Over the weekend, I was fortunate to see Six The Musical — a modern telling of the story of the six wives of Henry VIII. It’s more like a pop concert than a stodgy history lesson and, in addition to being enthralled with the music, color, costumes, and dance, I was so in awe of Toby Marlow and Lucy Moss who wrote it. Never once in my history class did I think that the story of “divorced, beheaded, died” could be so uplifting!

While an undergraduate at Cambridge, Marlow was selected to write an original musical to be performed at a fringe festival and Six became his submission. He had the inspiration while in a poetry class, which reminded me of Andrew Lloyd Webber who turned T. S. Eliot’s poetry into the Cats musical. Webber also turned Bible stories into Jesus Christ Superstar and Joseph and the Amazing Technicolor Dreamcoat and Lin-Manuel Miranda turned Alexander Hamilton’s biography into a cultural phenomenon.

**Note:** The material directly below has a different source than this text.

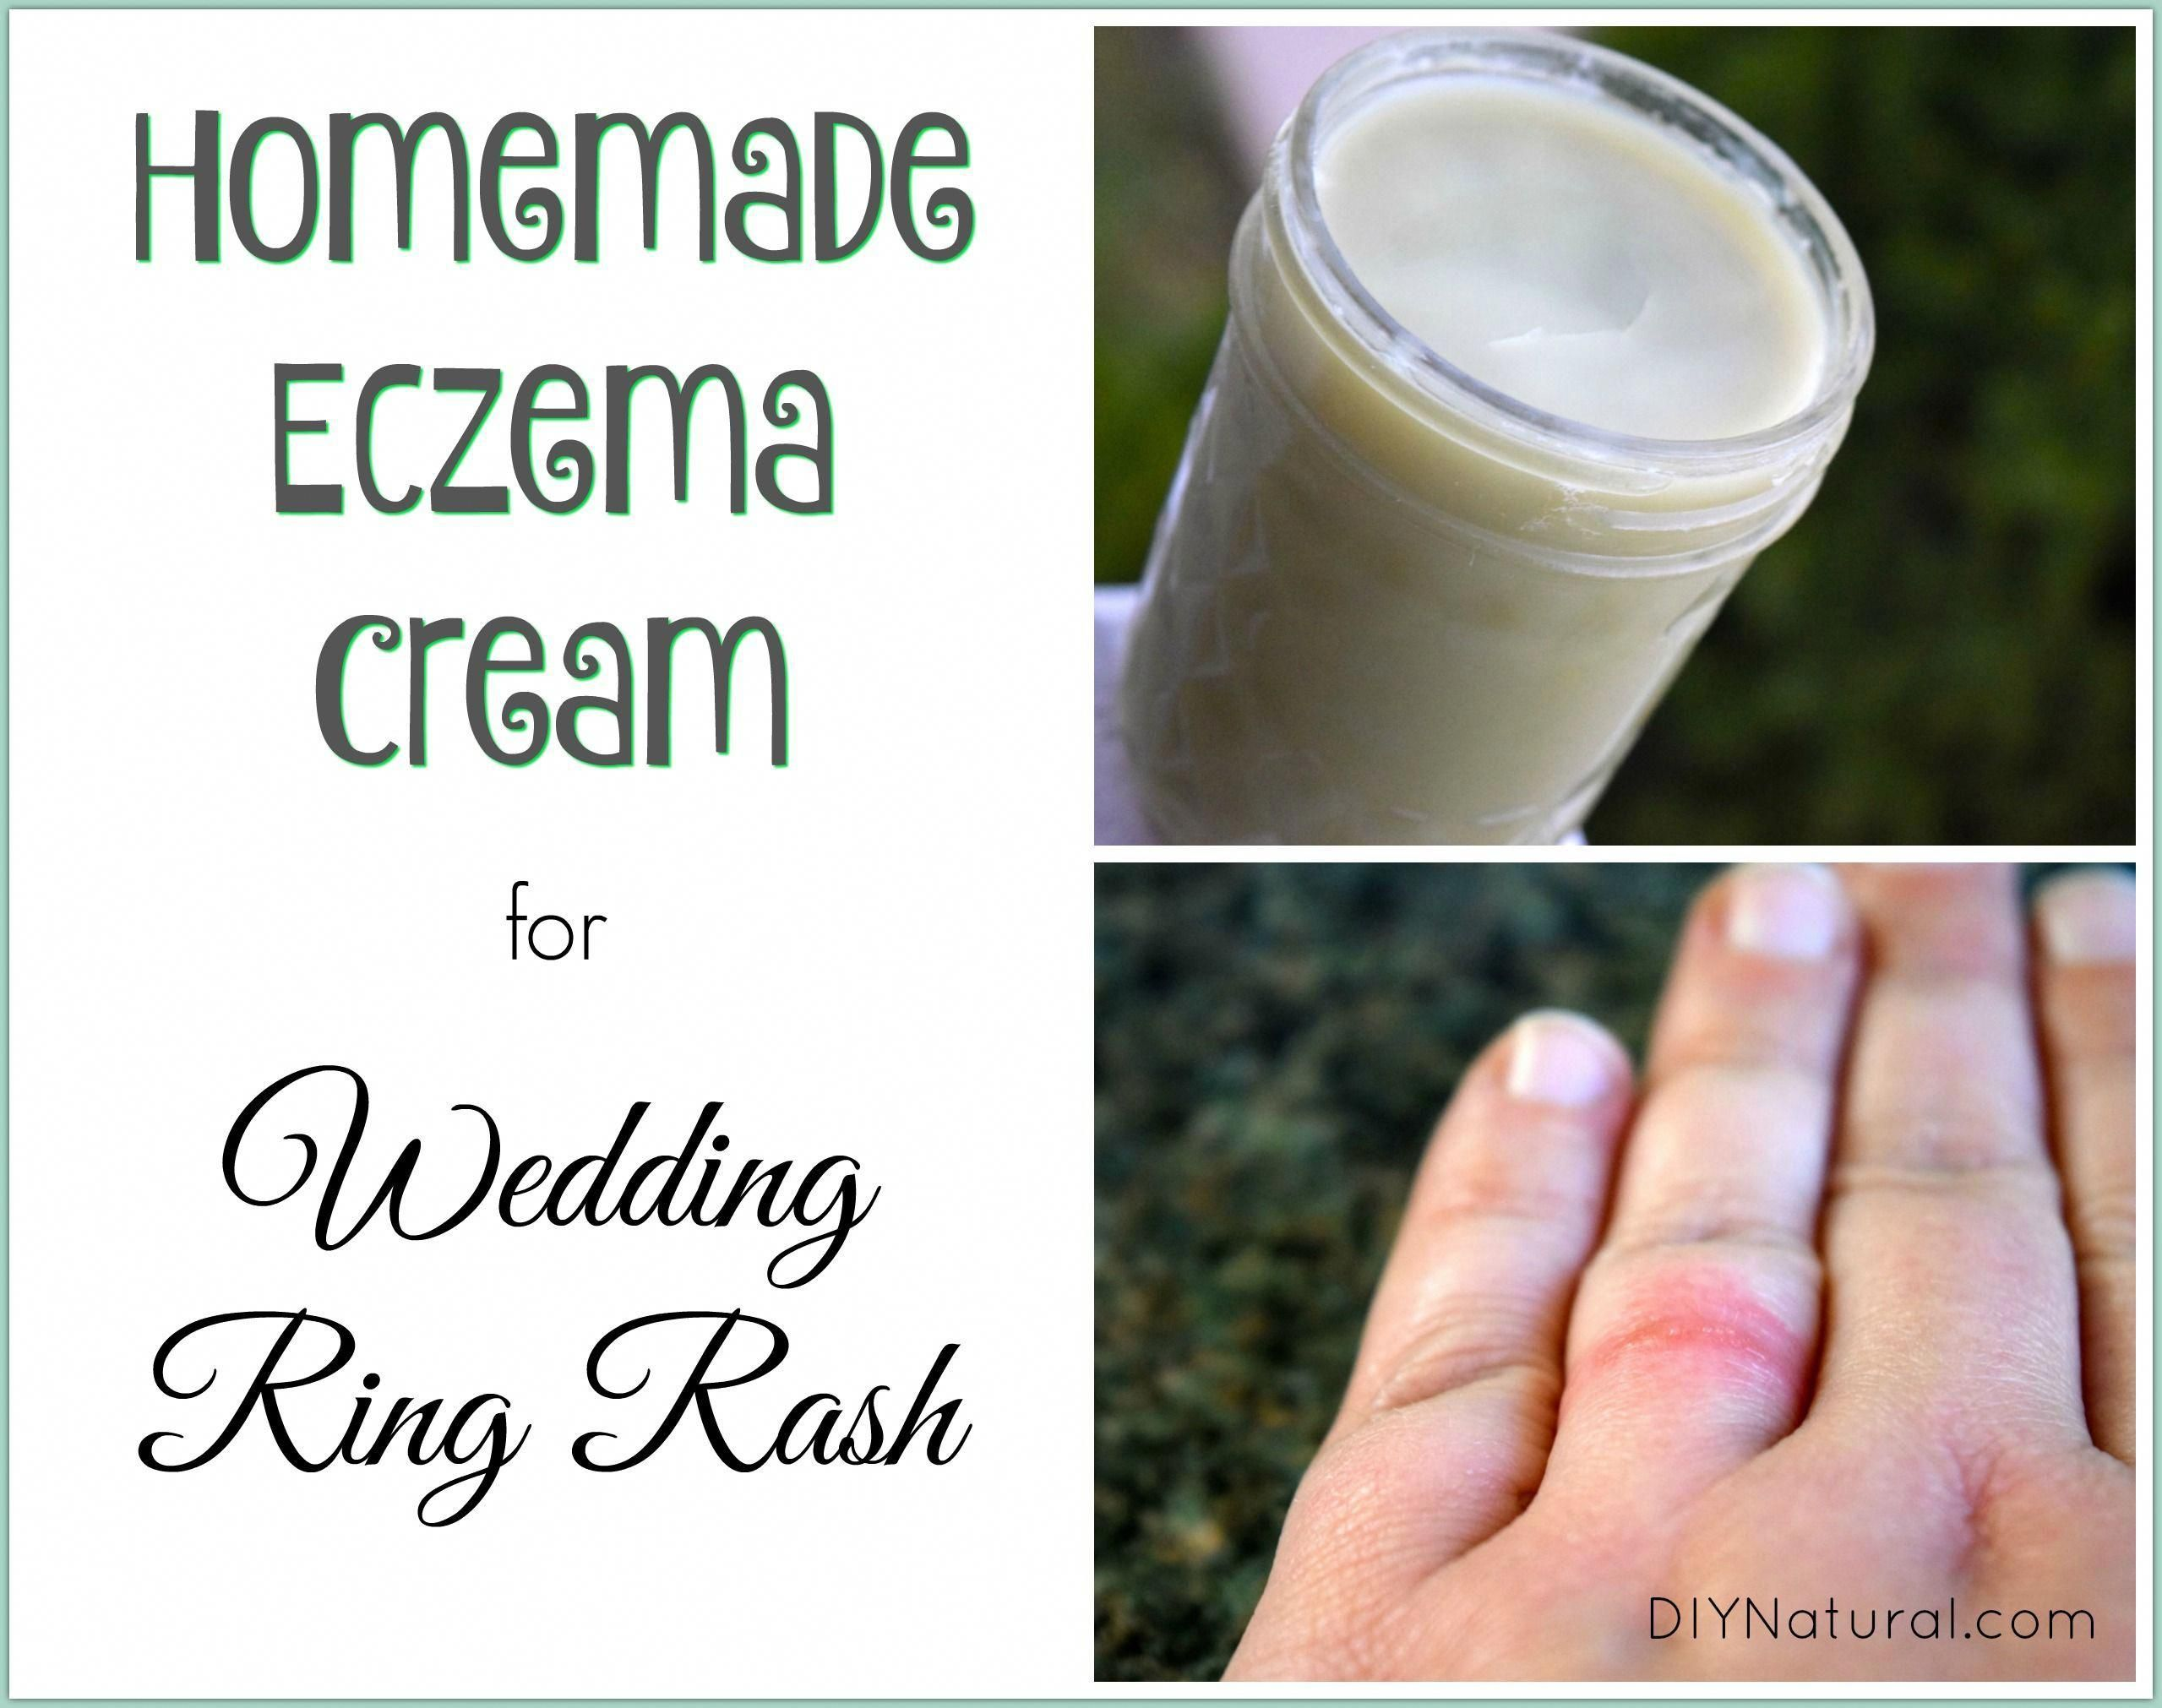 I made this homemade eczema cream to heal my wedding ring
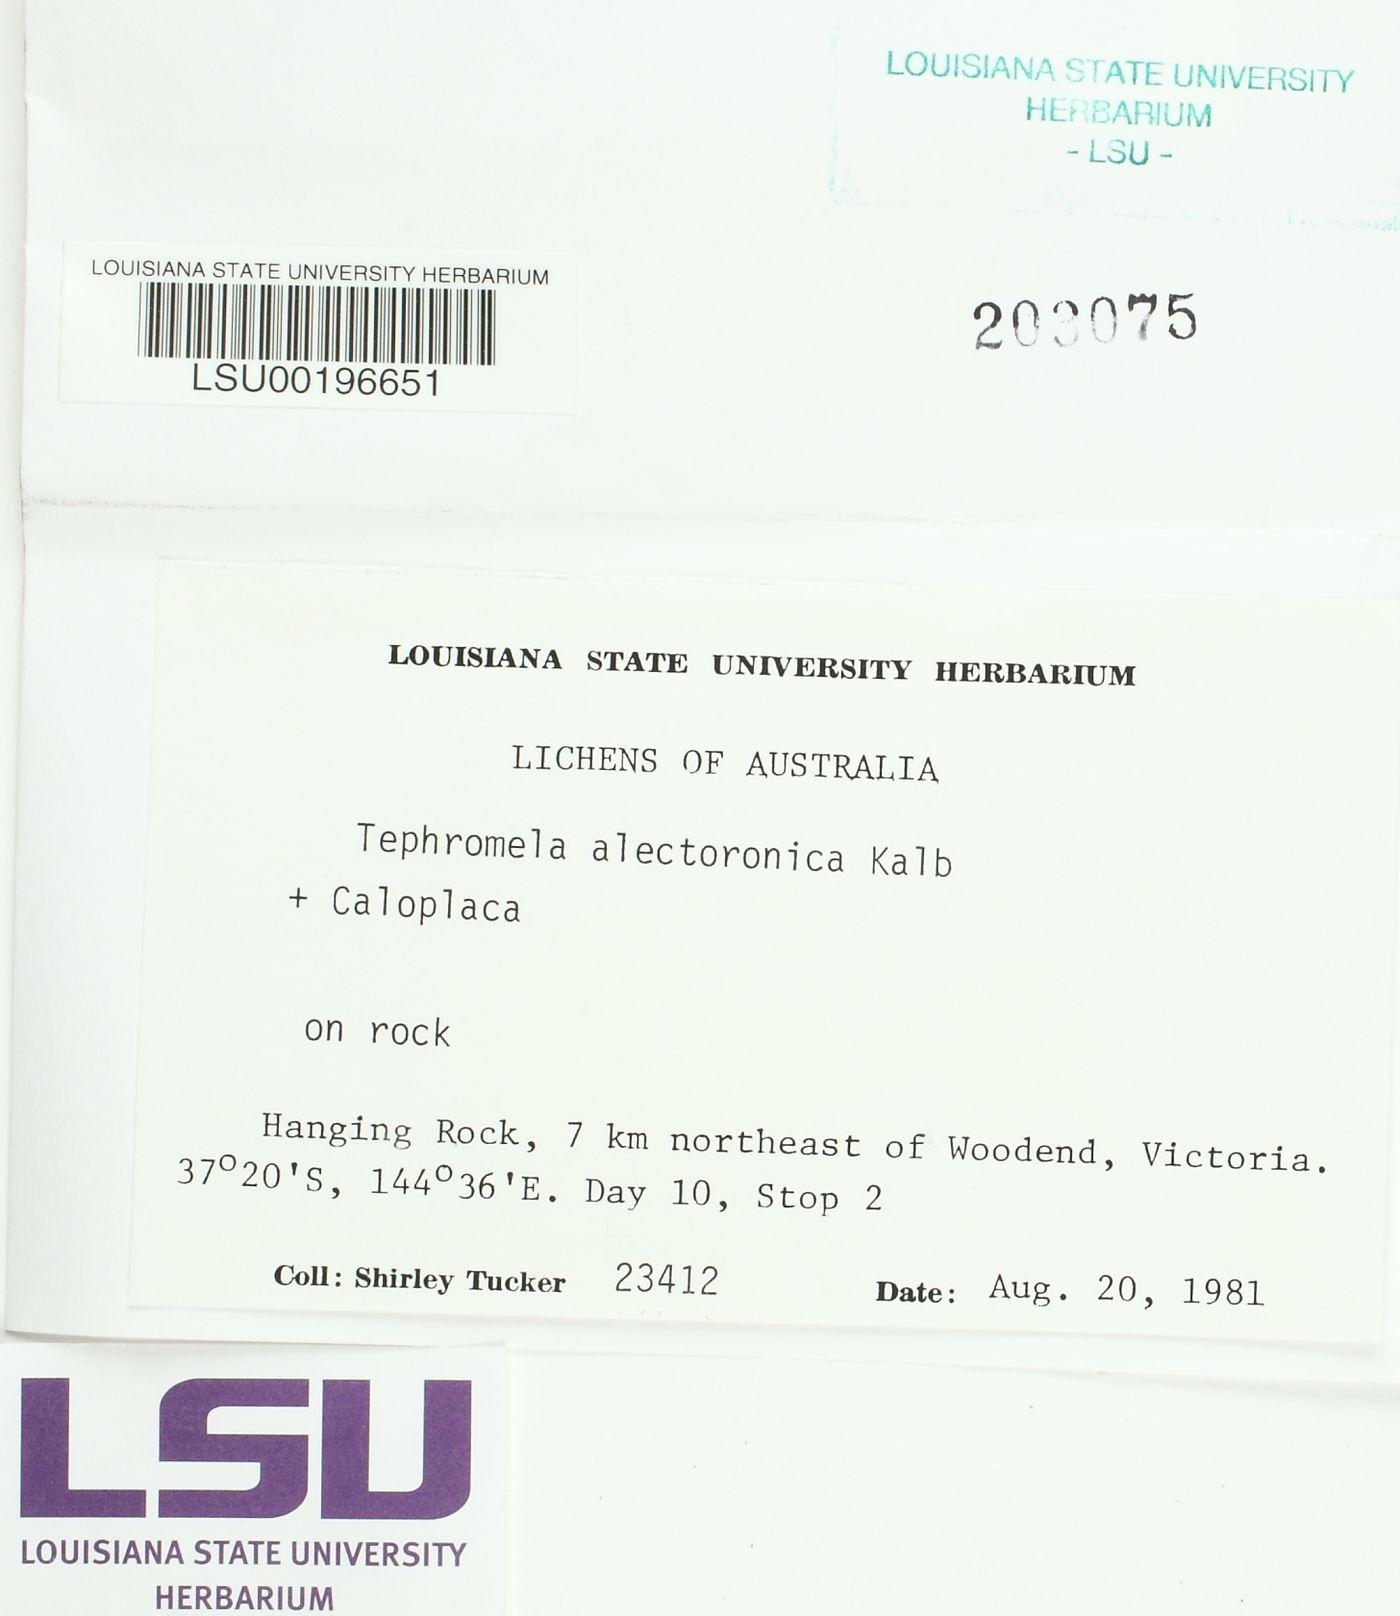 Tephromela alectoronica image

Do only geniuses make connections? No.

I remember sitting in a restaurant with a friend who was lamenting about her lack of ideas for a column she had to write, and I know I face the same dilemma every day about where to find a topic for a dot. But the answer lies in Six, or Hamilton, or Cats. Inspiration is all around us: in what we read, what we watch, and what we experience in our everyday lives. The geniuses have strengthened their “connection muscle” so that they recognize and embrace concepts or relationships that are just waiting to be linked together, but everyone can (and should) seize the opportunity to do so.

You never have to generate an idea from a blank piece of paper or screen. Look at what already exists and challenge yourself to see how it can evolve into something else. You, too, can create links to make something new.

(And go see Six if you have the chance — 80 minutes of high-energy fun!)